PROBLEM: Taking the line with "TV Stand Console" as the first and the line with "CLCP-January 2021-2020 Jeep Renegade" as the last, set down the lines below exactly, pictures excluded.

RECORDS SHOWN:
• • • • •

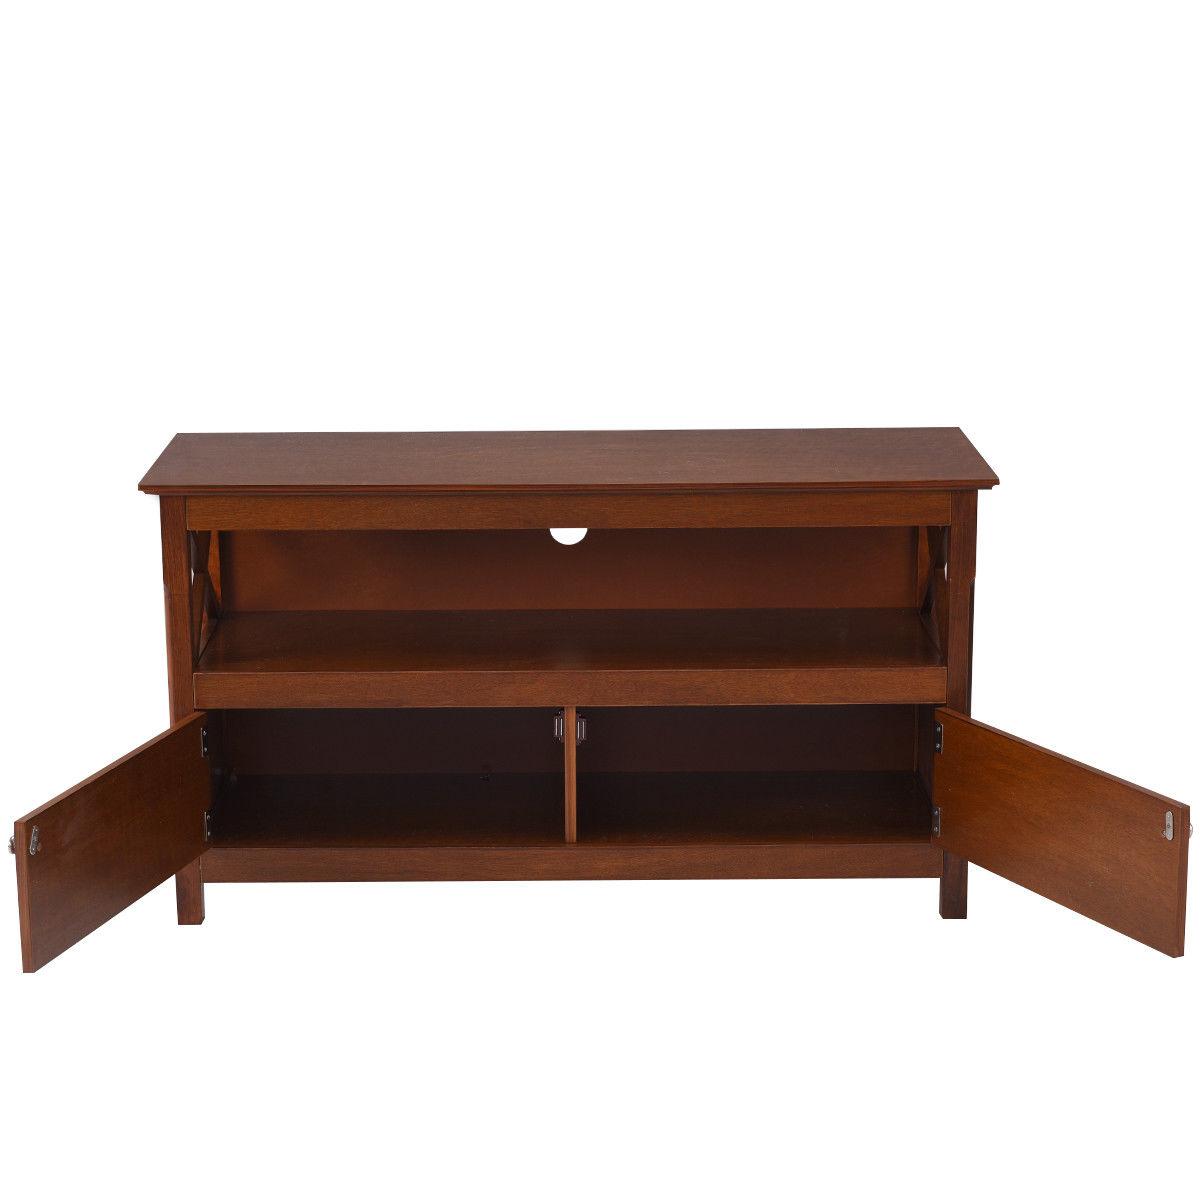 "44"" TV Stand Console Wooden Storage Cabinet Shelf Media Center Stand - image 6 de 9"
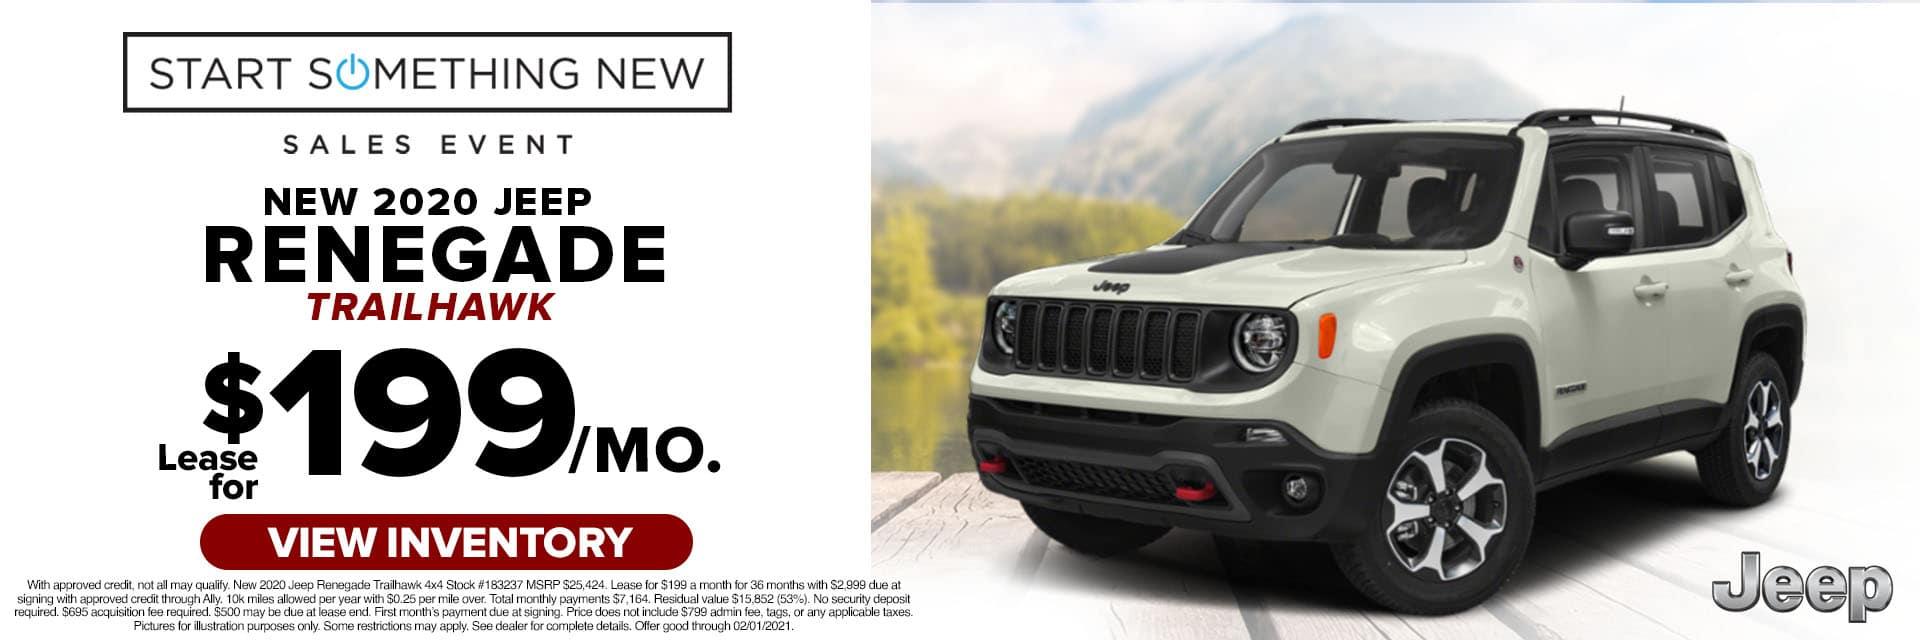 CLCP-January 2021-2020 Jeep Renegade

• • • • •

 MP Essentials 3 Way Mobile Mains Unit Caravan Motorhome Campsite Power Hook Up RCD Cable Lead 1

• • • • •

SOLUTION TO THIS TASK:
 "44"" TV Stand Console Wooden Storage Cabinet Shelf Media Center Stand - image 6 de 9"
 CLCP-January 2021-2020 Jeep Renegade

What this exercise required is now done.